IncidentScribe for banks & financial services

Financial-services engineering orgs run some of the strictest data-handling policies in the industry. Incident channels are full of exactly the things that can’t leave the perimeter: customer identifiers, transaction details, internal system names, third-party exposure. So when the cloud incident-management vendors shipped AI postmortem drafting, your security team said no — and they were right to.

The bind you’re in

Standing enterprise bans on pasting incident data into ChatGPT, Claude, or any cloud LLM haven’t softened — if anything, each public AI data-exposure incident hardens them further. That leaves your SREs writing postmortems by hand at 2 a.m., or not writing them at all. The postmortem debt compounds, and the regulators who expect documented incident reviews don’t accept “the AI tool wasn’t approved” as a reason.

How IncidentScribe fits

IncidentScribe drafts postmortems entirely on-device using Apple’s Foundation Models. Incident artefacts never leave the Mac — not to us, not to Apple, not to anyone. The macOS App Sandbox enforces that mechanically: outgoing network access is limited to StoreKit receipt validation, with no path for incident data to leak. It’s the rare AI tool that can clear a financial-services review precisely because there’s nothing to review on the data-egress side.

Auditable by construction

Every drafted claim is two clicks from the source log line via the citation chain.
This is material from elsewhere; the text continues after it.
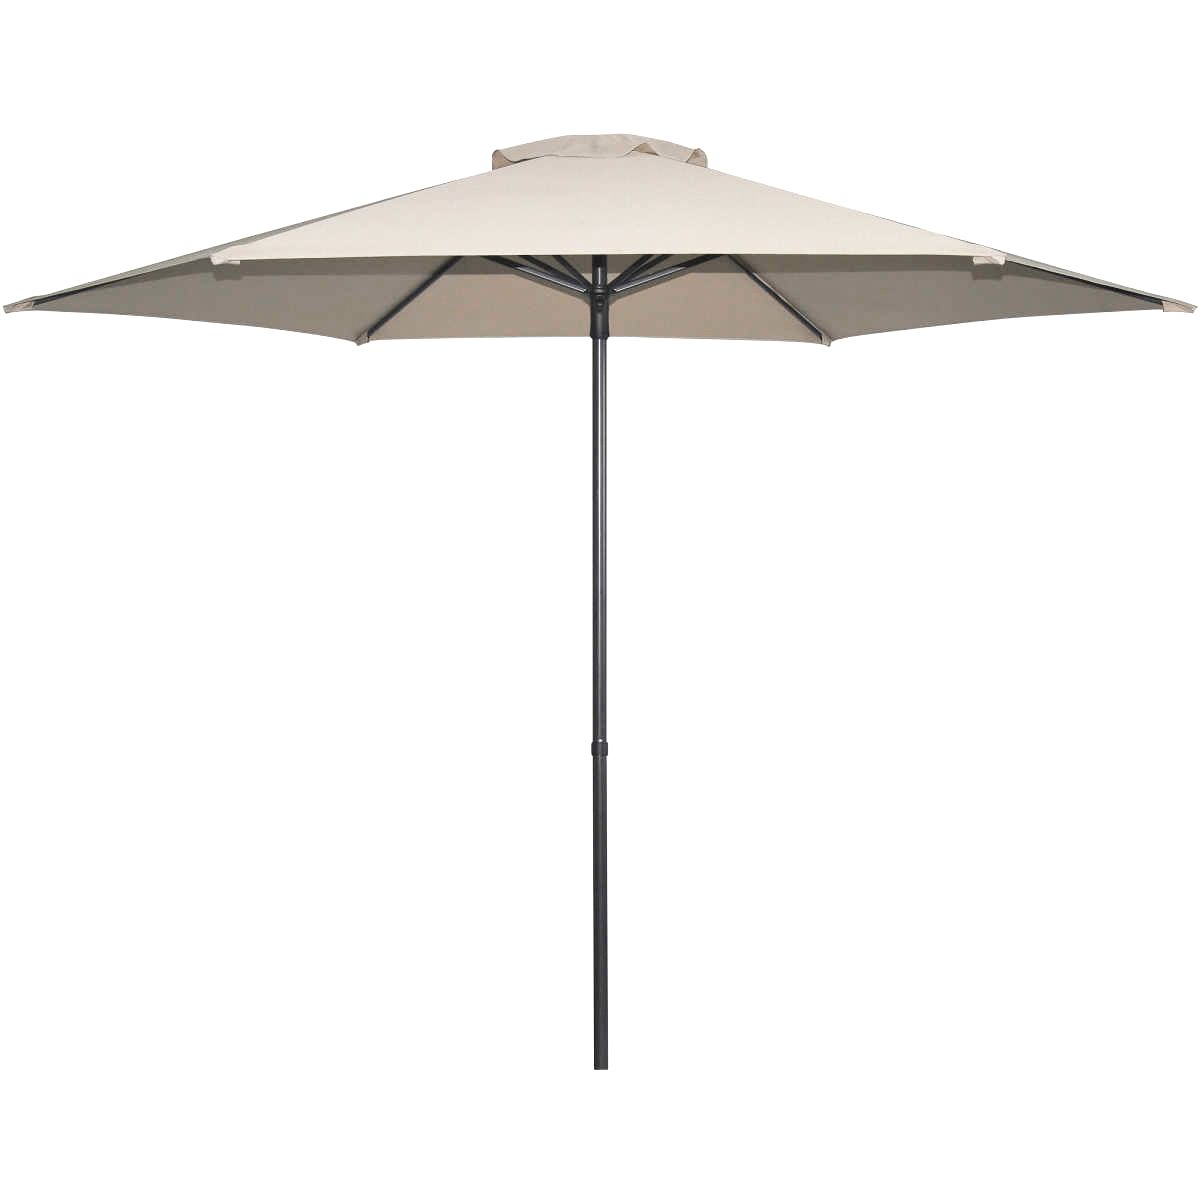 Most Recently Released Market Umbrella Regarding Market Umbrellas (View 4 of 20)

Fabricated participants and timestamps are dropped during validation before they reach the timeline. When an auditor or a regulator asks “how do you know this is what happened,” the answer is a verifiable link to the original artefact — not “the model said so.”

What it doesn’t add

No shared cloud workspace to get approved. No SSO integration, no admin console, no vendor data processing agreement to negotiate. IncidentScribe is a single-operator Mac app from the Mac App Store. The procurement surface is about as small as software gets.